Unlike multi-layer perceptrons, recurrent networks can use their internal memory to process sequences of arbitrary length. Therefore, RNN networks are applicable in such where something is divided into segments, for example, handwriting recognition or speech recognition. Many different architectural solutions for recurrent networks, from simple to complex, have been proposed. Recently, the most common network with long-term and short-term memory (LSTM) and controlled recurrent unit (GRU).
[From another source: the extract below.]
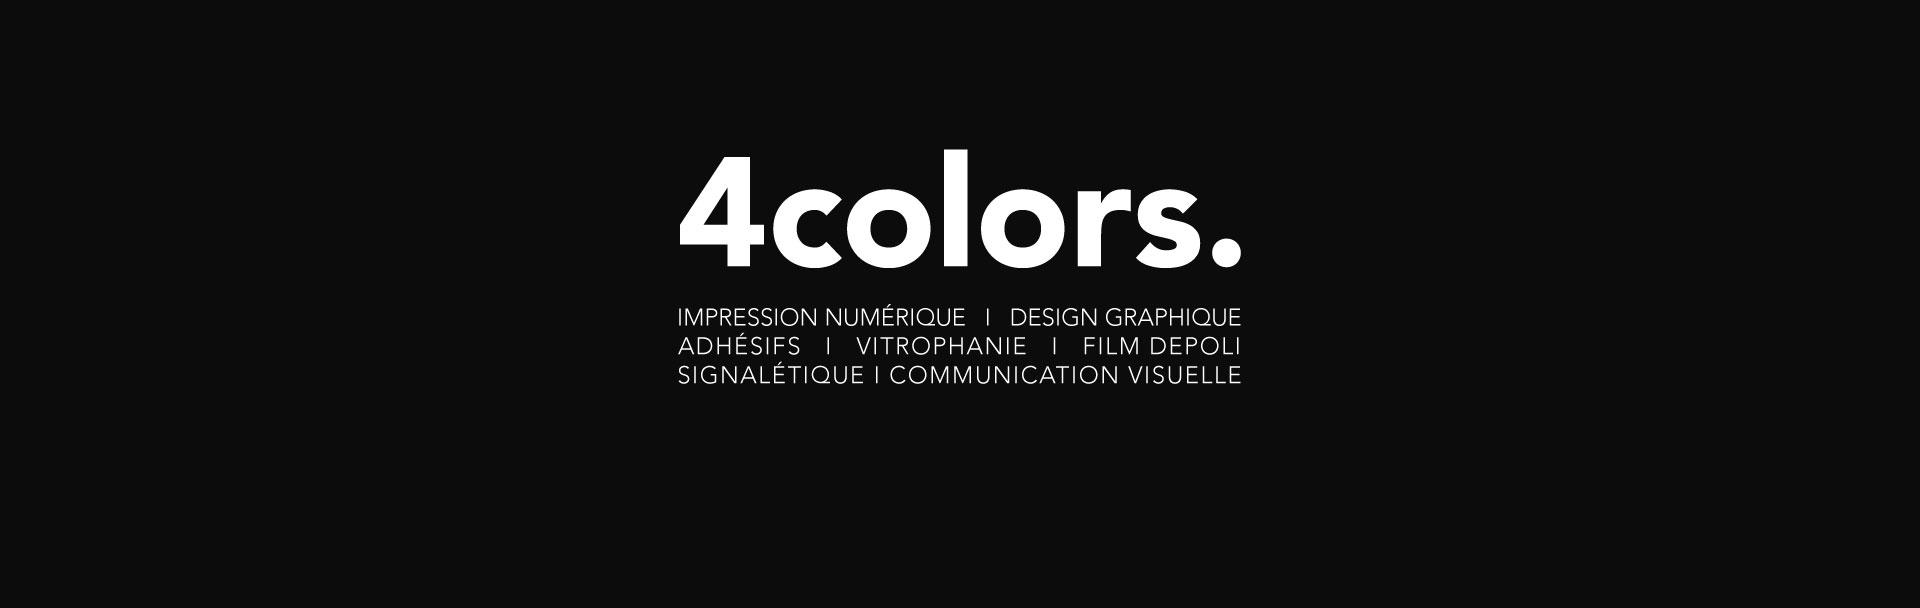 4 Colors Lyon

In the diagram above ​​the neural network A receives some data X at the input and outputs some value h. The cyclic connection in RNNs allows to transfer information from the current network step to the next. There are many varieties, solutions and constructive elements of recurrent neural networks. The difficulty of the recurrent network is that if you take into account each time step, it becomes necessary for each time step to create its own layer of neurons, which causes serious computational complexity. In addition, multilayer implementations are computationally unstable, since they tend to disappear or go off the scale. If we restrict the calculation to a fixed time window, then the resulting models will not reflect long-term trends. Various approaches are trying to improve the model of memory and the mechanism of remembering and forgetting.

Recurrent neural networks are not so different from ordinary neural networks. They can be imagined as multiple copies of the same network, and each copy transmits a message to the next copy. See what happens if we unfold the cycle:

Such a “chain” entity shows that recurrent neural networks are by their nature closely related to sequences and lists.

 

Fully recurrent network

This basic architecture of RNNs  was developed in the 1980s. The network is built from nodes, each of which is connected to all other nodes. For each neuron, the activation threshold varies with time and is a real number. Each compound has a variable real weight. Nodes are divided into input, output and hidden.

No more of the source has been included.